Bonjour, je vient d'acheter un Powermac G4 Sawtooch 350 Mhz avec 128 Mo de ram, je vient de lui installé mac os 9.2 et je voudrais lui augmenter la ram. Il me reste plein de ram en PC 100/133 mais seront t-elle toutes compatible. Je vais l'augmenter jusqu'a qu'a 512 Mo et Instaler Mac OS X Panther. Mai je vient de télécharger la mise à jour du firmeware mais je trouve la procédure compliquer si quelq'un peut me détailer comment faire (faut pas que je me plante).
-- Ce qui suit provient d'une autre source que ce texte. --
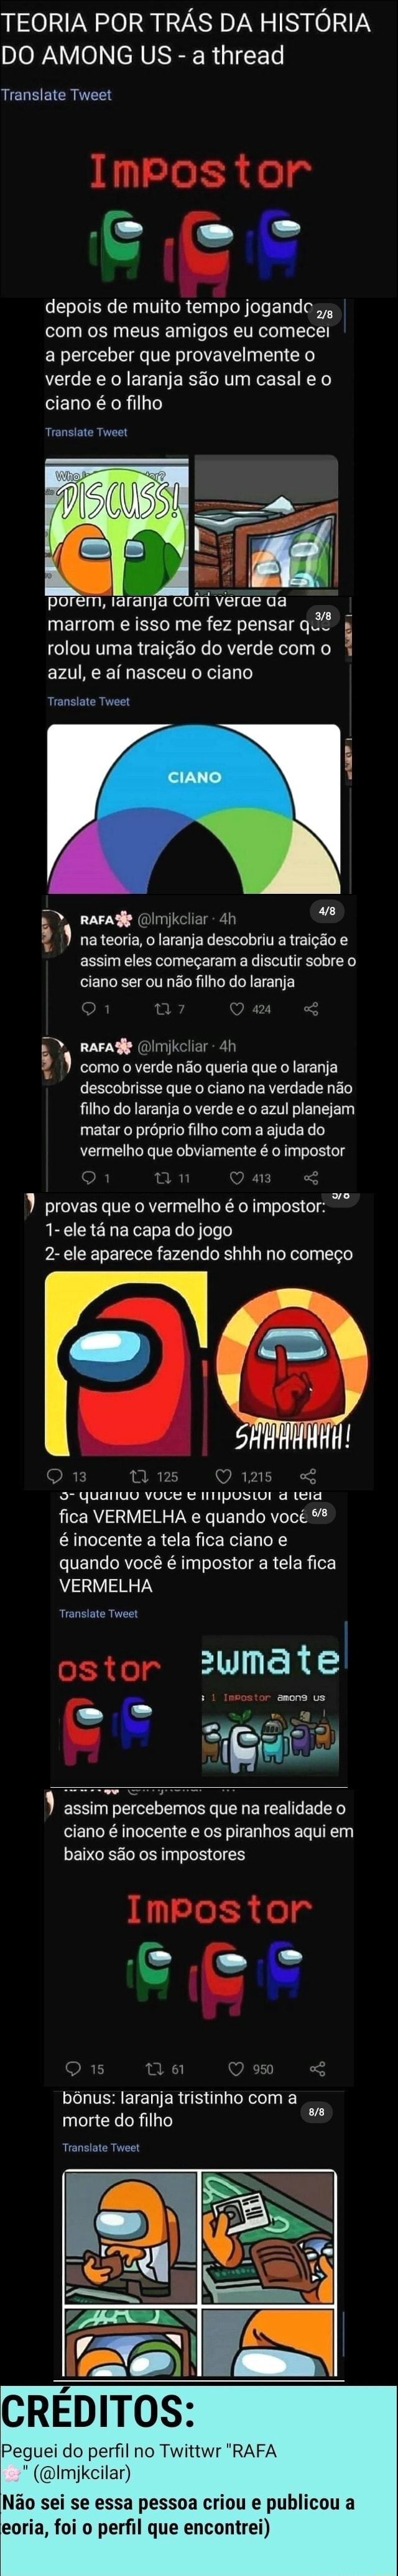 Sempre é o ciano! - Memes among Us brasil
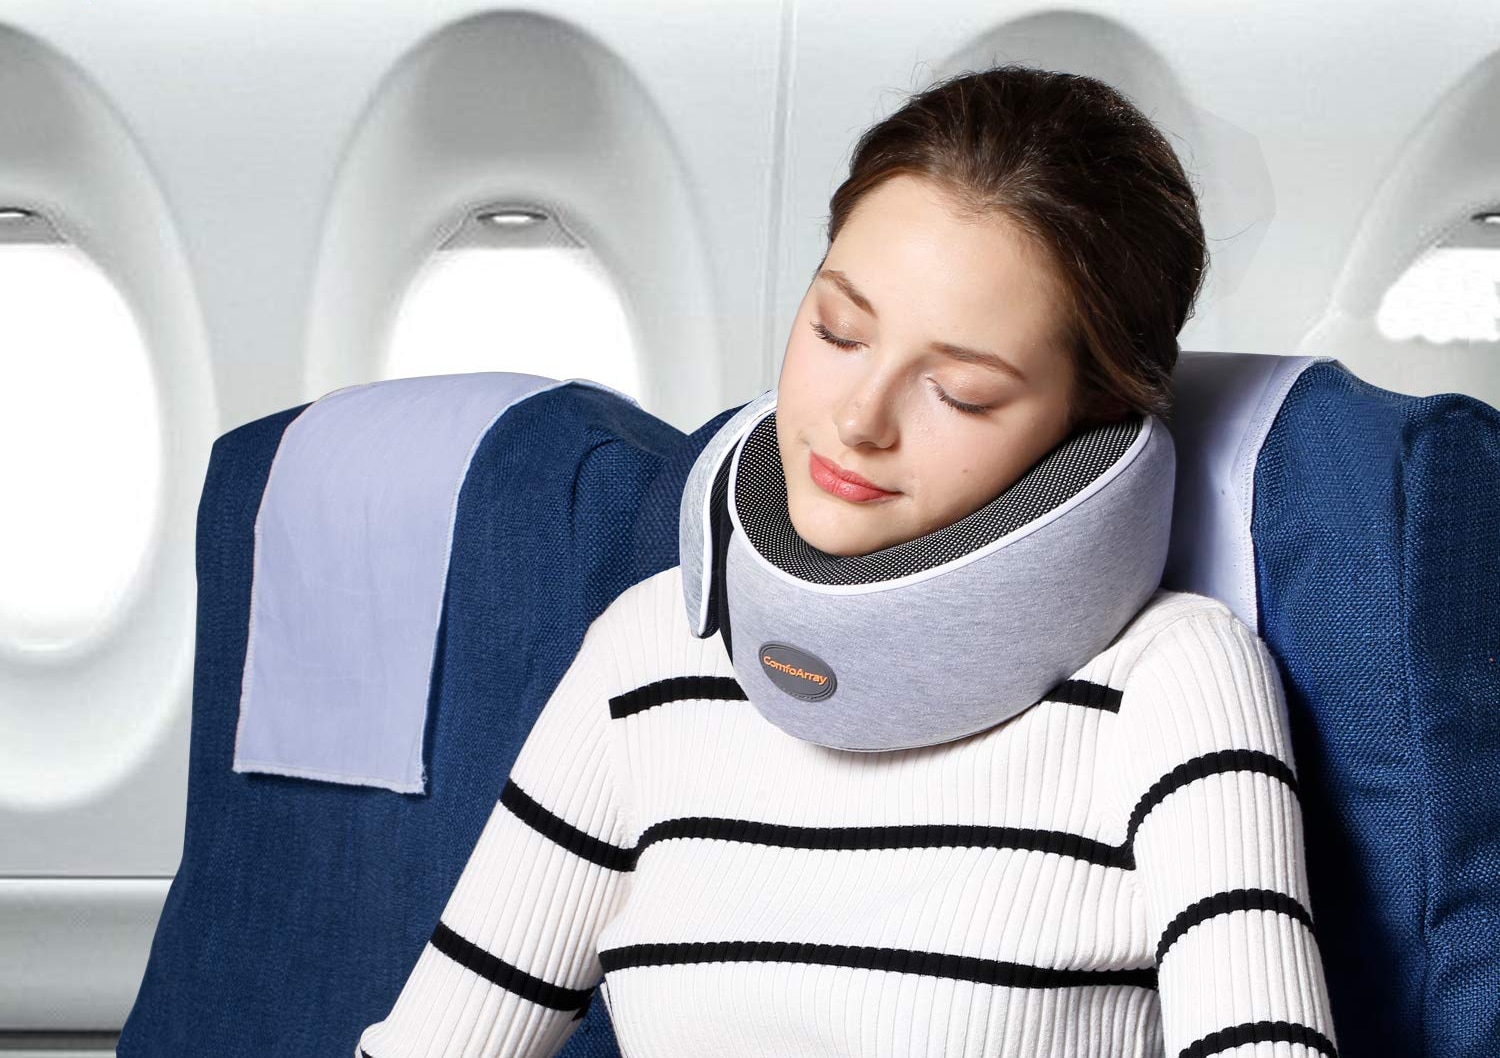 smartpac comfort plus travel pillow review

Voila, merci d'avance pour votre aide

OLDMAC

PS : Je vient d'installer un disque-dur de 20 Gb que j'ai achété et ça marche convenablement

PS2 : La carte graphique ATI RAGE 128 Pro prends t-elle en charge QE et CI sous Mac OS X ?


----------



## ntx (26 Août 2008)

-oldmac- a dit:


> La carte graphique ATI RAGE 128 Pro prends t-elle en charge *QE* et *CI* sous Mac OS X ?


Qu'est-ce ?


----------



## -oldmac- (28 Août 2008)

c'est Quartz Extrème et Quore Image mais en faite elle ne les prends pas en charge


----------